Alejandro: This is fascinating. Assuming we got the notion of computability right, this means that, ultimately, all science is bounded by the limits of computation, right? So, in a sense, even if the universe is more than computation (whatever that means), it seems that the part of the universe we can know about in sufficient detail to make accurate predictions will forever be limited by Turing-decidability. I wonder what kind of epistemology stems from this realization. I'm not aware if modern philosophy is playing at this level of understanding, but it does put some concrete meaning to the "veil of ignorance".

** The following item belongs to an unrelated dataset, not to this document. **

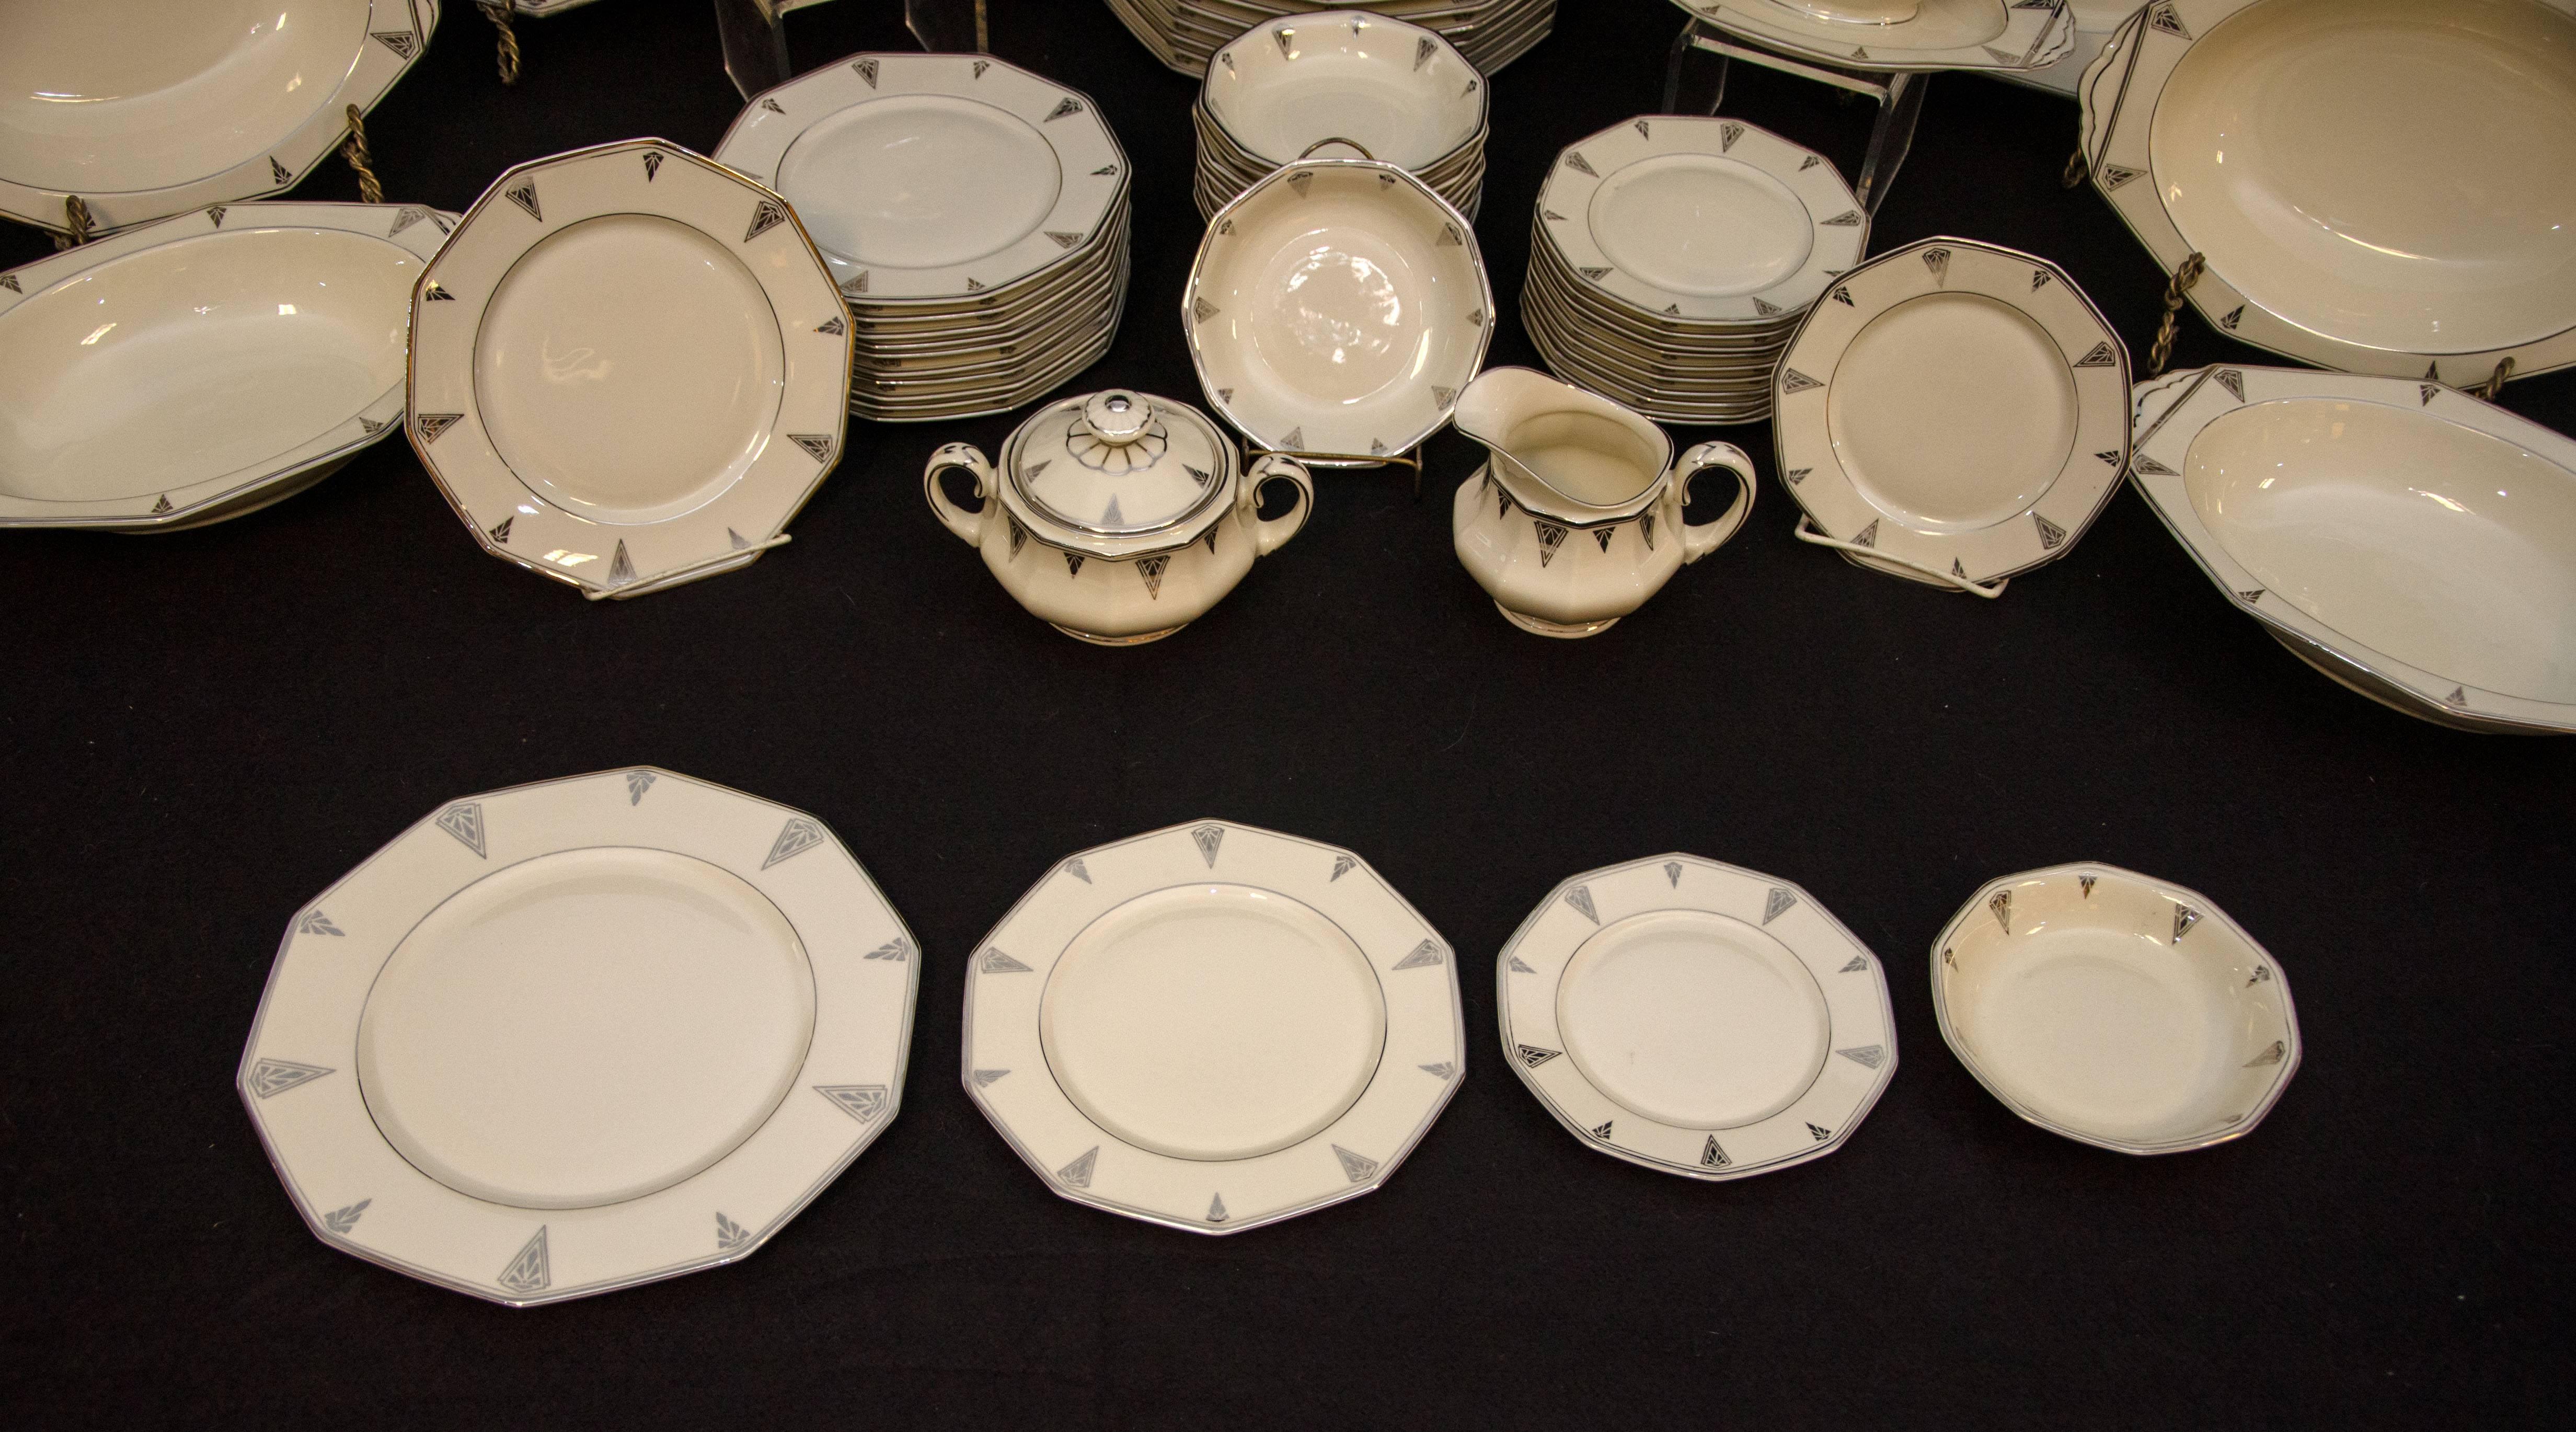 Hard to find large set of Art Deco Bavarian Community china in the Deauville pattern, a cream color with a silver accent pattern. The previous owner initially received part of this set as a wedding gift and added other pieces to the collection for a

Backtracking a bit, one of the central notions of computability theory is the idea that for some problems, you have to be willing to loop forever at least in some inputs, to be able to answer for the rest of the inputs at all. And one of such problems is precisely detecting which those inputs will make you loop forever! This has some very concrete implications for programming in general. It seems to imply that we can never be completely certain that our program is correct (at least for some programs). I would expect this to be a major blow to software engineering, but it seems to me that for most practical purposes, we do assume we can verify programs. Do you have any insights on the actual impact of the limit of computability for practical software development?
Spear of Lugh: The first obvious limitation is that AI will replace programmers... There is a technical result, Rice's theorem, that shows that it is impossible in general. More precisely, the following problem is uncomputable: to build a program that takes as input a nontrivial semantics description and produces as output a program that meets this semantics description.
We can have programs that produce other programs: typically a compiler. But the input of a compiler is not a semantical description of what the program should do. It is already a program, and what is asked is to produce a program with the same semantics in another language (so it is not a counter-example to Rice's theorem). By the same token, if you provide non-semantical guides (e.g., a program that halts after x steps), you may produce a program that meets those requirements. But if you come up with a description of "what" the program should do, there is no hope of automatizing this in general.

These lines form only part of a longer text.